1st. There is not a credible history in the world; because no history possesses so great a number or variety of the attributes of truth or reasons of faith as the gospel history. The original witnesses were plain, common sense, ordinary, matter-of-fact men. They were eye-witnesses and ear-witnesses of the facts which they attest. Their occupations of life were favorable to having good eyes and good ears. They were chiefly fishermen. The facts which they relate, and which constitute the gospel, were sensible facts--subjected not to one sense, but to several senses. So speaks one of them:--"That which we have heard, which we have seen with our eyes, which we have looked upon, and our hands have handled of the word of life, declare we unto you."3 They had nothing to gain, but every thing temporal and fleshly to lose by the proclamation of these facts. They made themselves "of all men the most miserable." Their life, if their doctrine be not true, is more marvellous than their doctrine: no men ever gave stronger evidence of truthfulness than they. If they cannot be believed, no historian can. There is, then, no credible history in the world.

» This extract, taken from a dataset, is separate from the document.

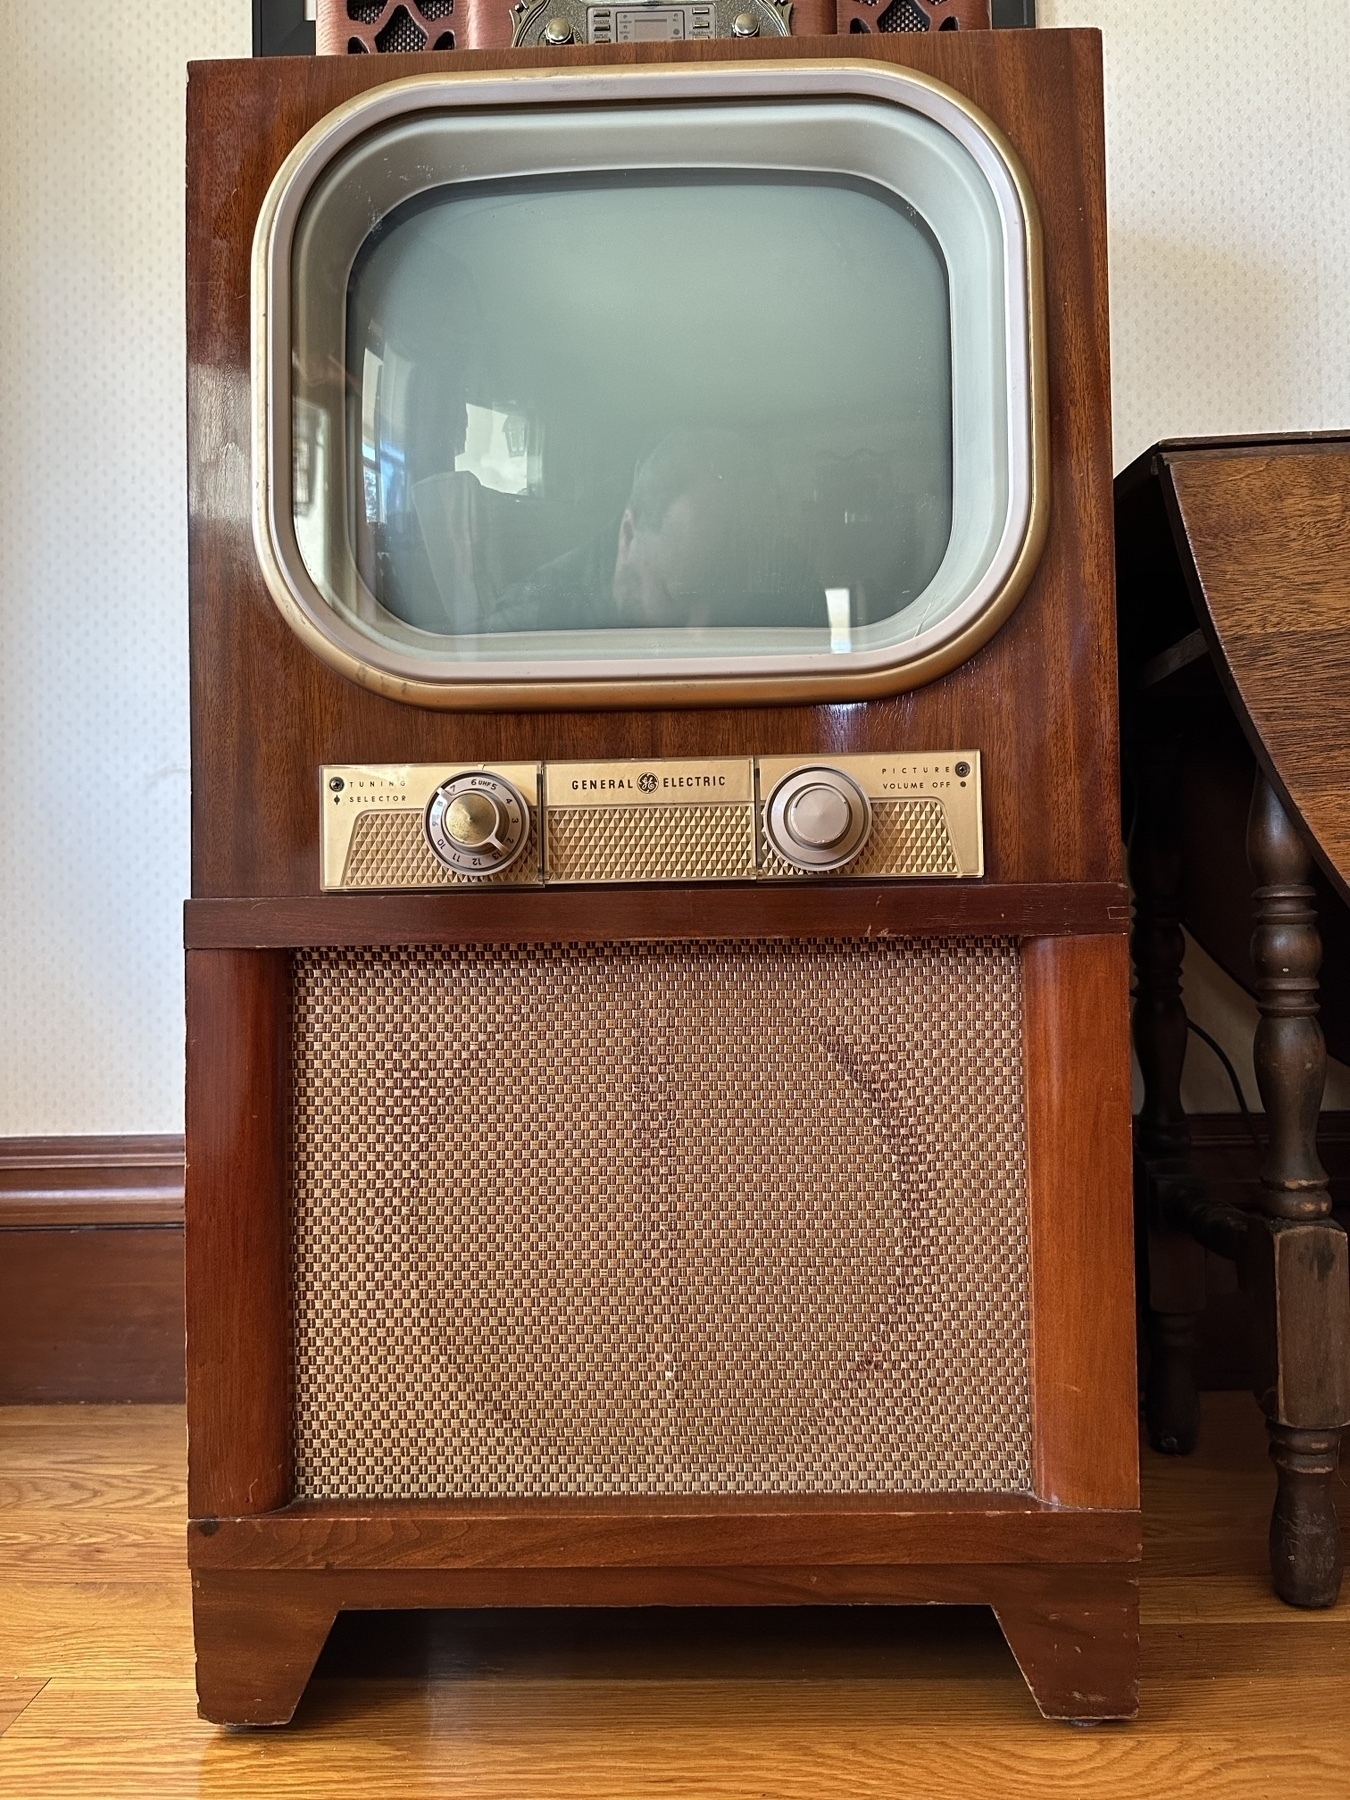 1951 GE Television in a wood console

2d. In the second place, there is no sincerity in martyrdom. It is an indisputable fact that the Messiah and most of the Apostles were martyrs. They died for what they said, and not for what they did.--Mankind in all ages concur in the opinion that the strongest proof of any man's honesty or sincerity is his dying voluntarily in attestation of the truth of what he affirms. We allege that martyrdom does not prove the truth of a man's opinions, but only that he sincerely believes them. Sincerity is no test of truth in any matter of theory or speculation. But in all matters of sensible facts tested by the senses, seen or heard by many persons and on many occasions, sincerity in the avowal of them is proof of the certainty of them. Now as martyrdom proves sincerity, and sincerity on the part of witnesses of sensible facts proves the facts--the gospel, being founded on sensible facts, seen often, and seen by many, is true or there is no sincerity in martyrdom.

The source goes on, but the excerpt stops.